Virginia Kuisle

Virginia (Dee) Kuisle’s 40-year teaching career began in September 1946 in a 1-room schoolhouse in rural Olmstead County, Minnesota and extended through modern elementary classrooms until her retirement from Byron Elementary in May 1986.  Through the years, Virginia had maintained her enthusiasm and commitments to student creativity, discovery and mastery of key skills.
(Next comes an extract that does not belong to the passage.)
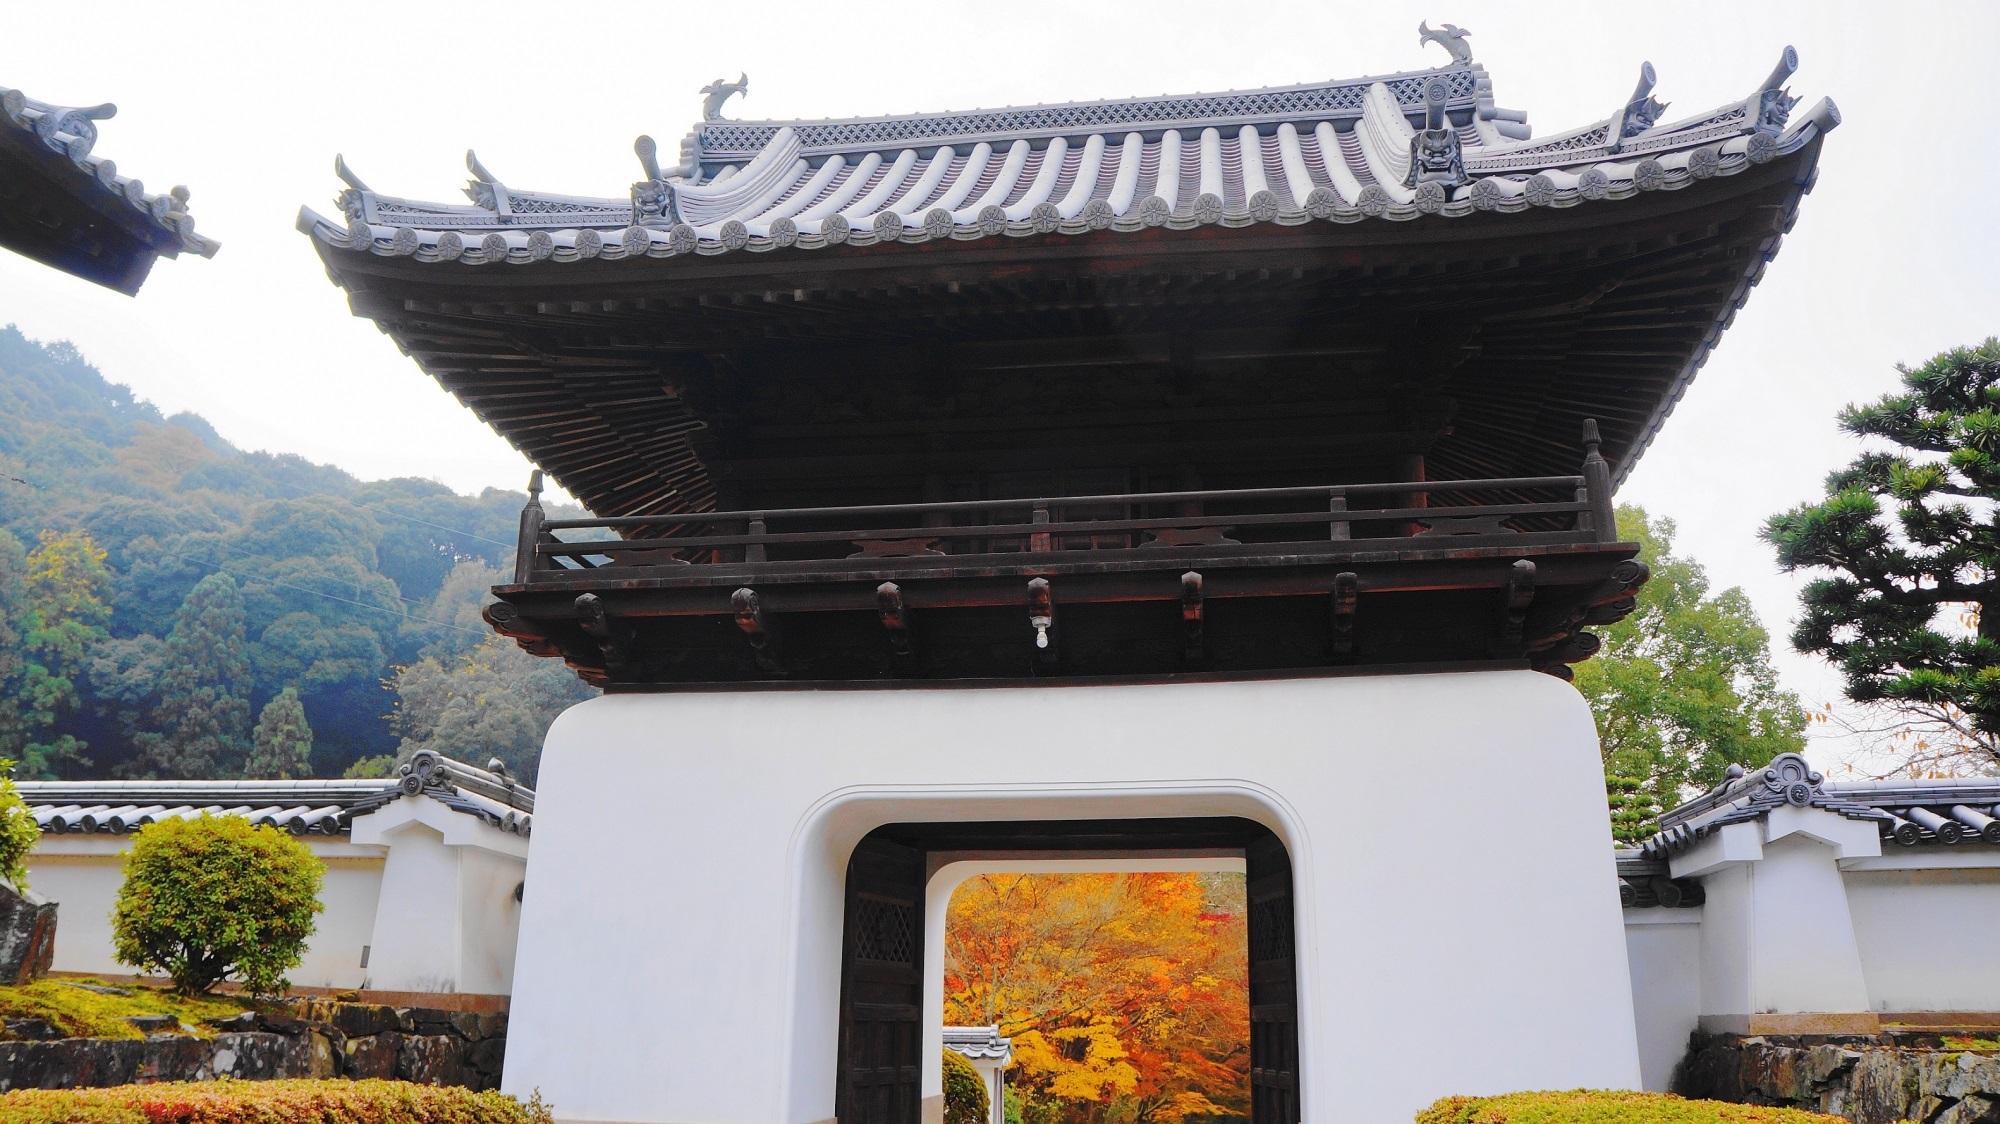 興聖寺の境内から眺めた龍宮門と琴坂の紅葉

Virginia, the oldest daughter of Mary and Stanley Dee, was born in 1927 and completed Grades 1-8 in the Dee school, founded by her pioneer ancestors, on County Road 8.  She graduated from Lourdes High School in Rochester in May 1945.

After one year of teacher training at Winona State Teachers College–on a Limited Energy Permit-because of the shortage of teachers caused by World War II–Virginia was hired as a teacher in the Dee School in the fall of 1946.  Two of her students were her brother: Stanley Jr. in 6th grade and Raymond in 4th grade.  Virginia earned $175 a month; lived at home; and paid one of her students a fee to build a fire in the school’s stove in the mornings.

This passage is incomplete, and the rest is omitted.